WHAT TO PRODUCE. Your job is to give again, exactly and with no additions, the lines in the records below from the one with "Коврик для ванной" through the one with "20 Vene degli", both included. Omit the pictures.

DATA SHOWN.

----

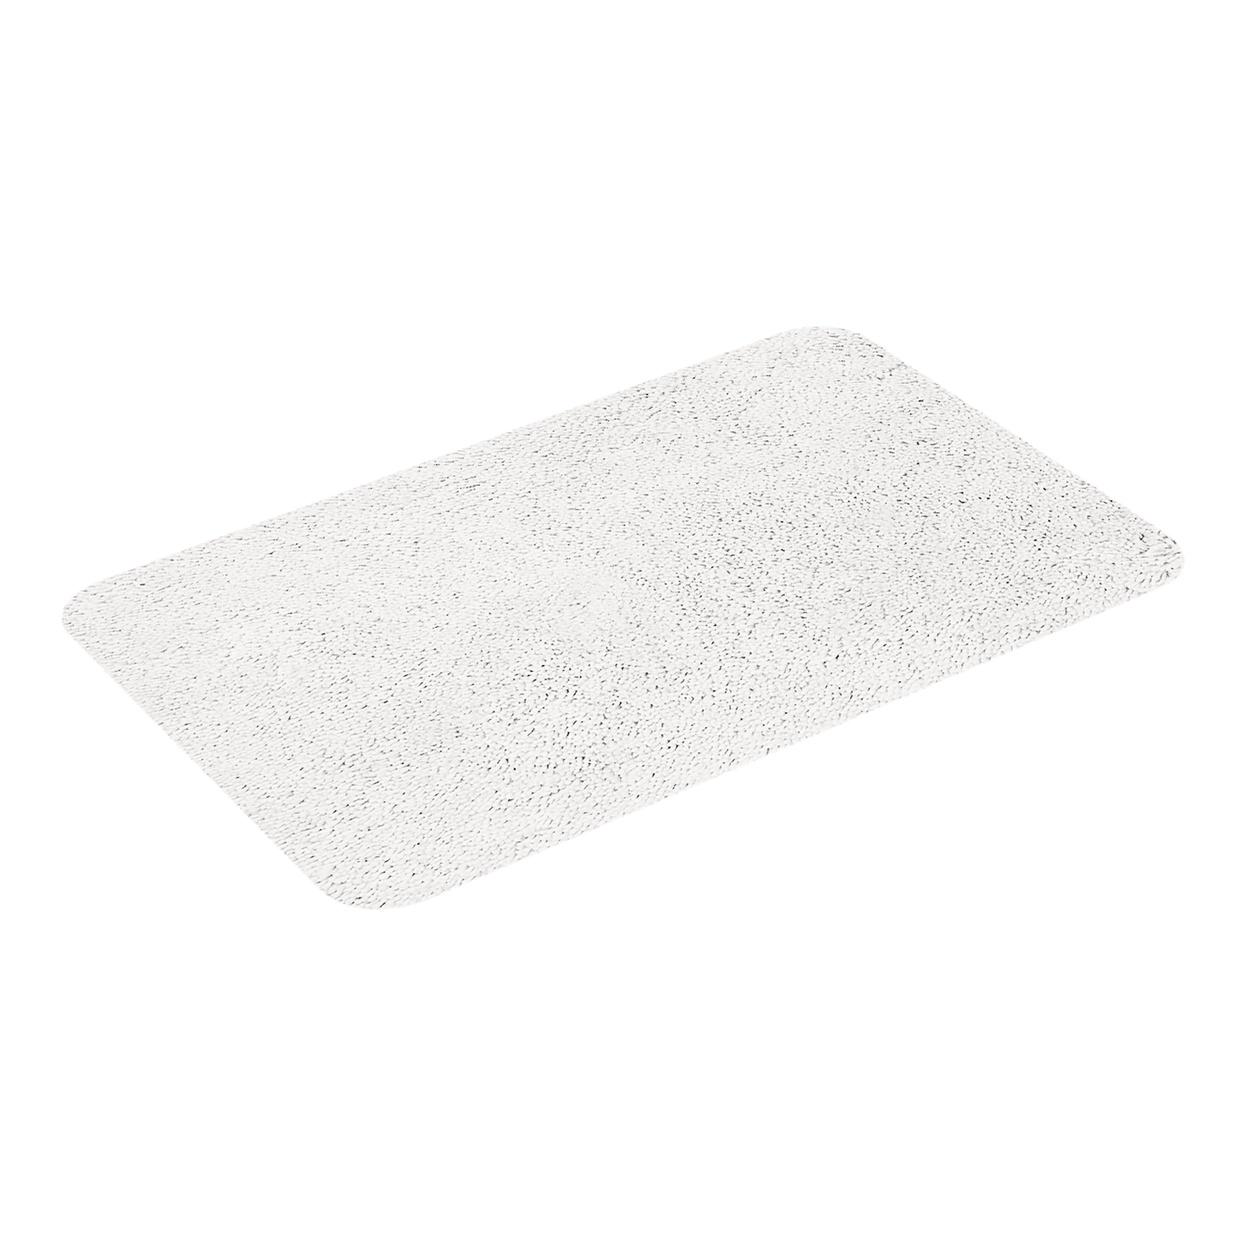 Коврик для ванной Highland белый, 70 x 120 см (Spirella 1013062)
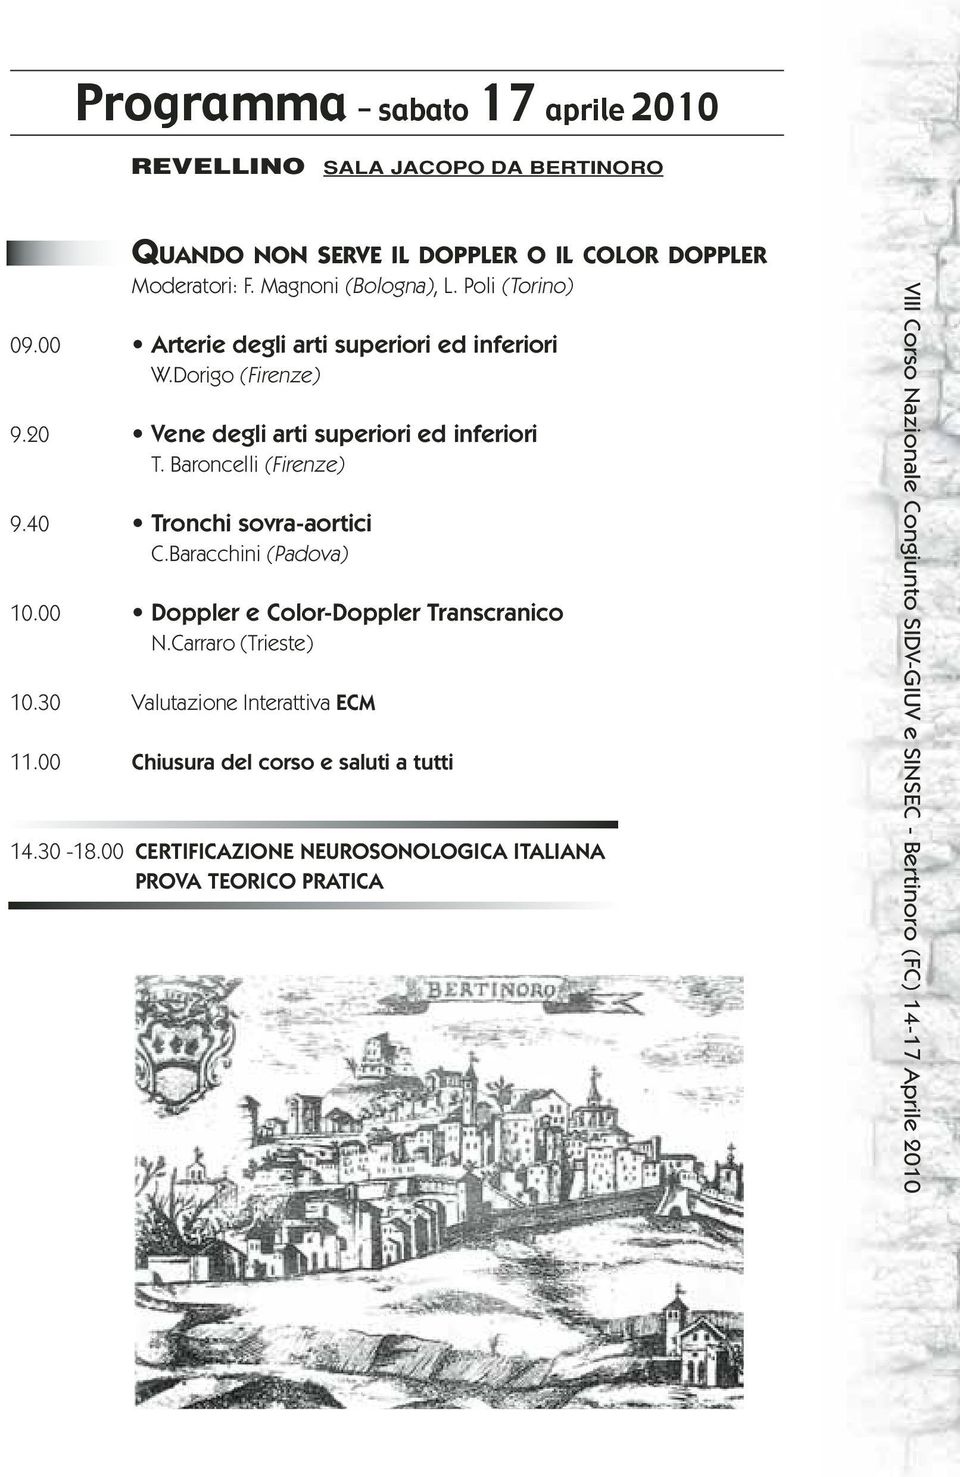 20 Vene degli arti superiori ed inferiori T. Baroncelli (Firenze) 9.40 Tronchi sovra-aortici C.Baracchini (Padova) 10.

----

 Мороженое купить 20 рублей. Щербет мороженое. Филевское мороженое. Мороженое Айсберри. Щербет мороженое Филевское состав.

----

ANSWER TO THIS EXERCISE.
 Коврик для ванной Highland белый, 70 x 120 см (Spirella 1013062)
 20 Vene degli arti superiori ed inferiori T. Baroncelli (Firenze) 9.40 Tronchi sovra-aortici C.Baracchini (Padova) 10.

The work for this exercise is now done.